Dancing

iVillage Member
Registered: 09-26-2005
Dancing
14
Wed, 11-30-2005 - 12:09am
Okay, so my boyfriend and I have been dating for over 4 years. Everything is pretty good in our relationship, except one thing. When he goes out to the bar he dances, with every and any girl possible. And it seems like everytime he goes out, we fight about this subject, over and over. And I mean it isn't just "dancing", it is dirty dancing, slow dancing, pretty much every dancing imaginable. He says he just does it cuz he likes to dance, which he does, but I don't think he should have the right to do that and for me not to get mad about it. Am I just overreacting? Do other "committed" guys do this? Is this normal? Please help!!

Pages

iVillage Member
Registered: 12-02-2005
In reply to: mshanahan10
Fri, 12-02-2005 - 5:06am
Why are you not dancing with your man when you are out? Is there other issues, like him getting phone numbers or constantly cheating? What are you doing while all this dancing is going on? Maybe you should get up and dance the lambada with some guy just to show him how it feels. But if everything else is cool in your relationship and you are reaping the benefits from all that dancing when you get home, I say dance with your man more, concentrate on having a good time when you go out and maybe tease him a little with some fancy footwork of your own.
iVillage Member
Registered: 10-21-2004
In reply to: mshanahan10
Fri, 12-02-2005 - 1:42pm

You're welcome! Yes, some people truly DO just like to dance. Personally, I LOVE to dance! If I had a BF who had a problem with that, I would have a problem with it. I would, of course, listen to his concerns and take them into consideration, but ... if it caused repeated problems, when I know that I'm not doing anything other dancing and enjoying myself, then ... yes, I would have a problem with that ... because, that means for whatever reason, he isn't trusting that it's just DANCING because I enjoy it. And without trust, that's a fundamental element lacking or damaged in the relationship.

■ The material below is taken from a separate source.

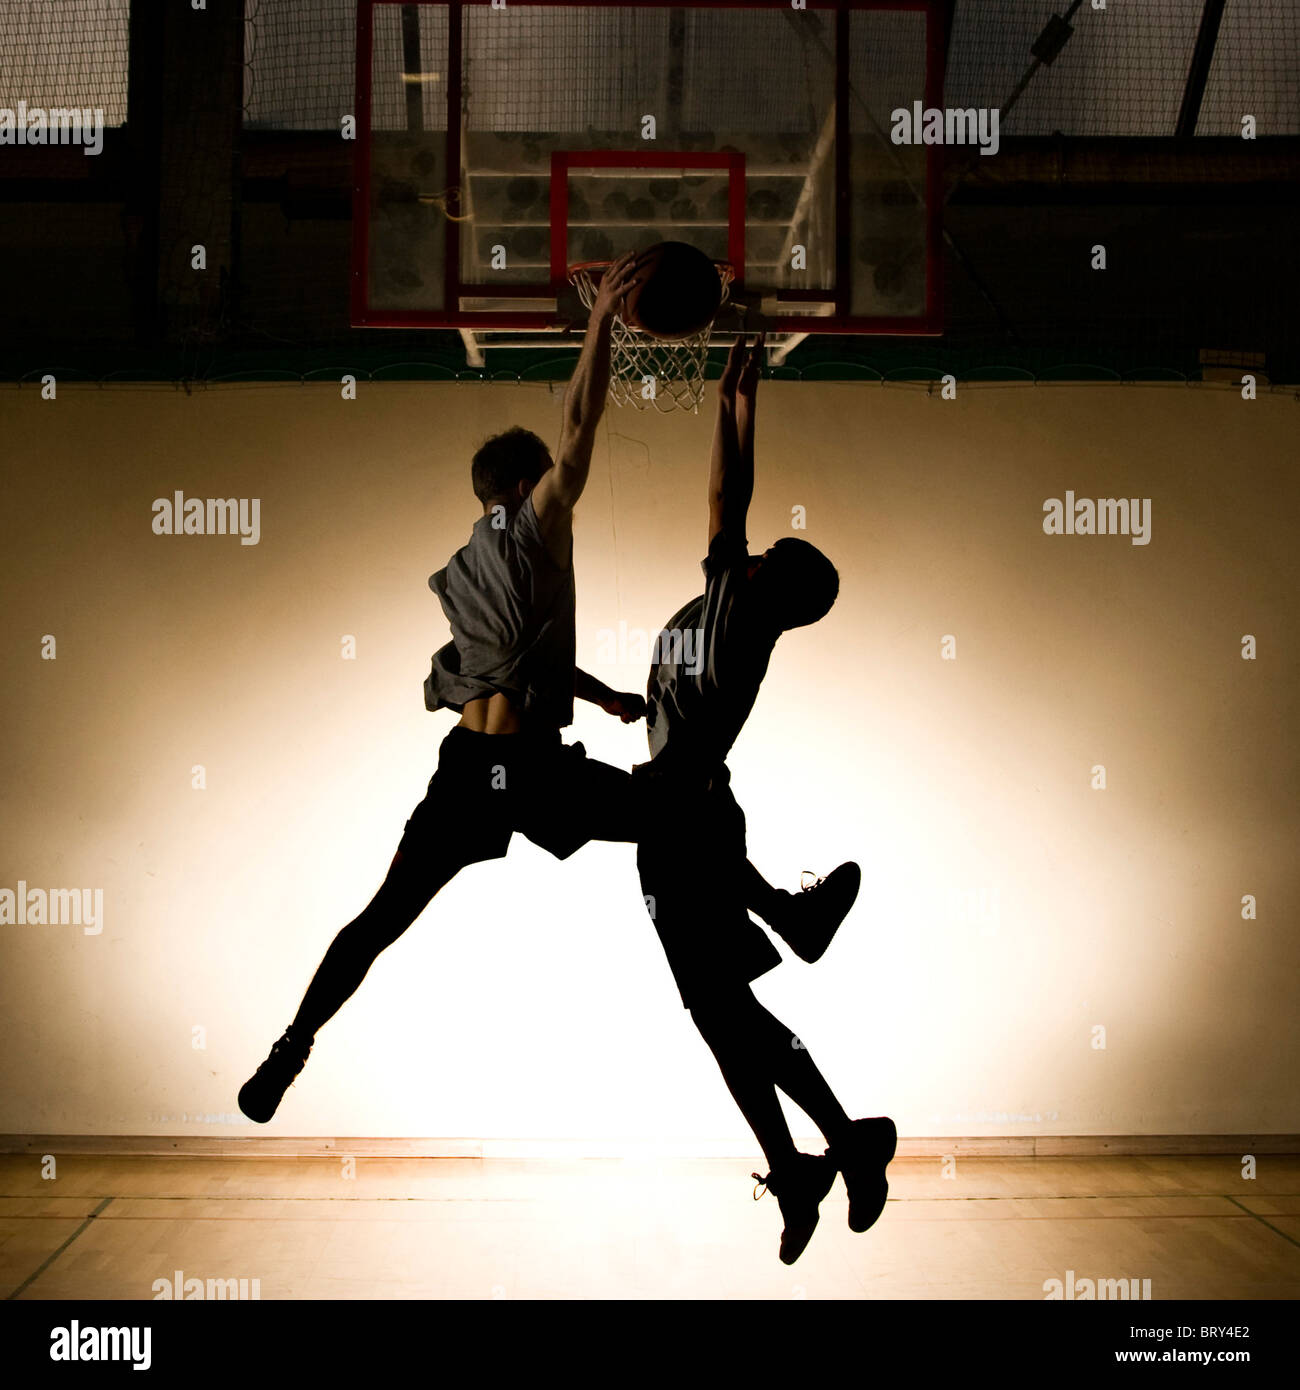 Basket-ball jump - silhouette noire Banque D'Images
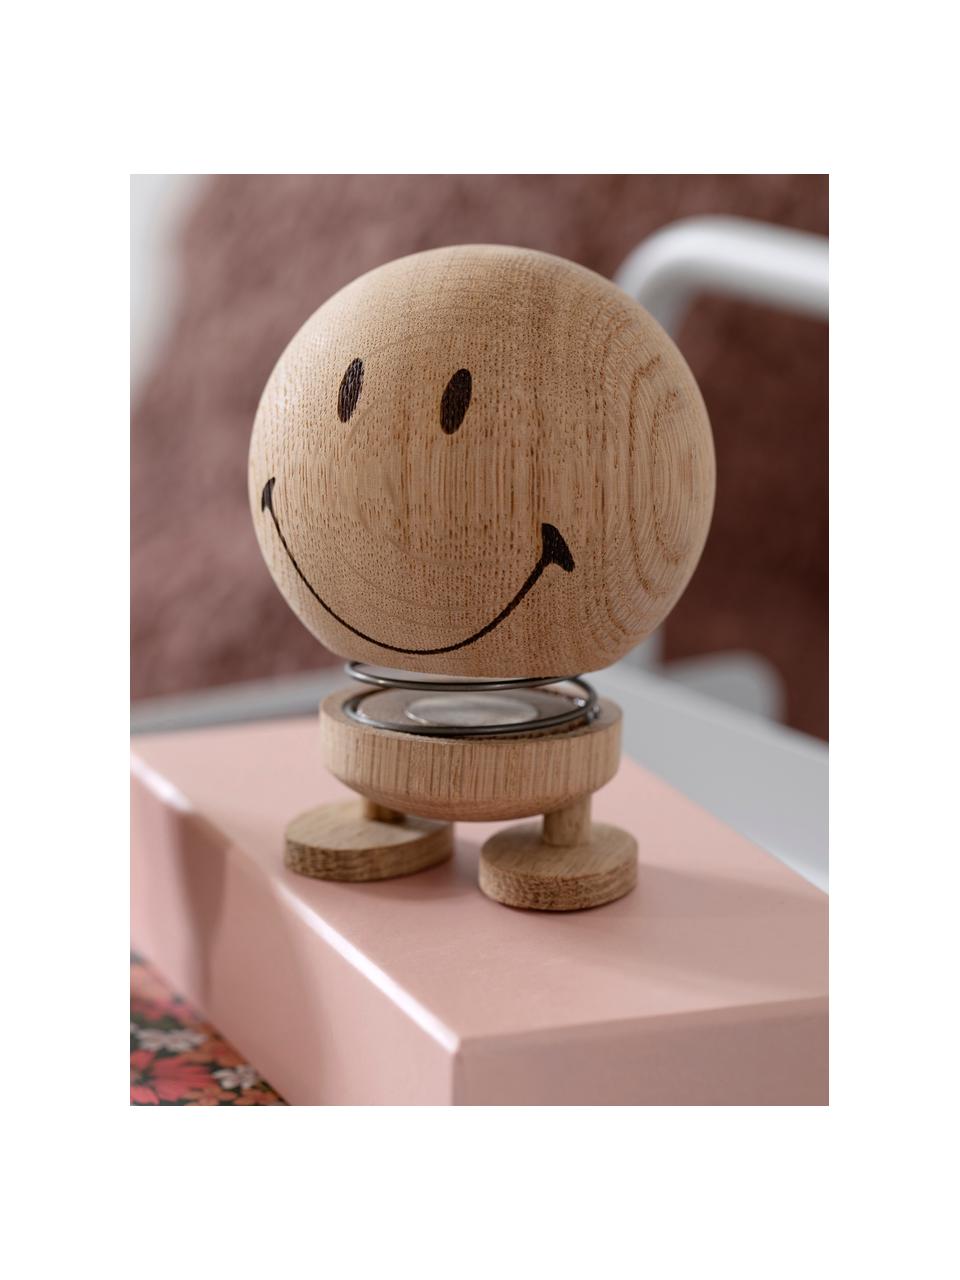 Deko-Objekt Hoptimist Smiley aus Eichenholz, Eichenholz, Lächelnd, Ø 8 x H 10 cm

However, I'm also open-minded and can see things from all sides. As a woman, it's easy for me to go out dancing ... with my girlfriends. I don't have to dance with other guys, because well ... it's more acceptable for girls to dance with girls. Right?

But, how many guys (straight guys, that is) are into dancing with other guys? NOT MANY! ha. That's a little "unmacho," kwim?

So, his options are ... dance alone ... or dance with other girls ... or dance with YOU!

I do see compromises that can be made here. If it's something he TRULY enjoys, as it seems to be, try to enjoy it more WITH him.

If you aren't that into going out dancing, perhaps you guys can take some couples dance classes together? Swing dancing, for example, is a TON of fun and something you could learn together.

iVillage Member
Registered: 04-15-2003
In reply to: mshanahan10
Sat, 12-10-2005 - 2:30pm
Yes, the person you're involved with should definitely respect your needs and give your feelings prime consideration!
,
,
iVillage Member
Registered: 05-31-2005
In reply to: mshanahan10
Sat, 12-10-2005 - 6:06pm

I loveeeeeeeee to dance. I've had bf's that didn't. But I would not dance with other guys. I would stand with them and dance alone but next to them. THe simple fact is he's not respecting boundaries. My ex-husband used to flirt with all the girls when he was drunk and I forgave it. A few months into the marriage, I realized he didn't have too much respect for me, period. Had I payed attention, I would have noticed those signs.


Not to say your guy is the same, but look at his actions... anywhere else that he shows a lack of respect?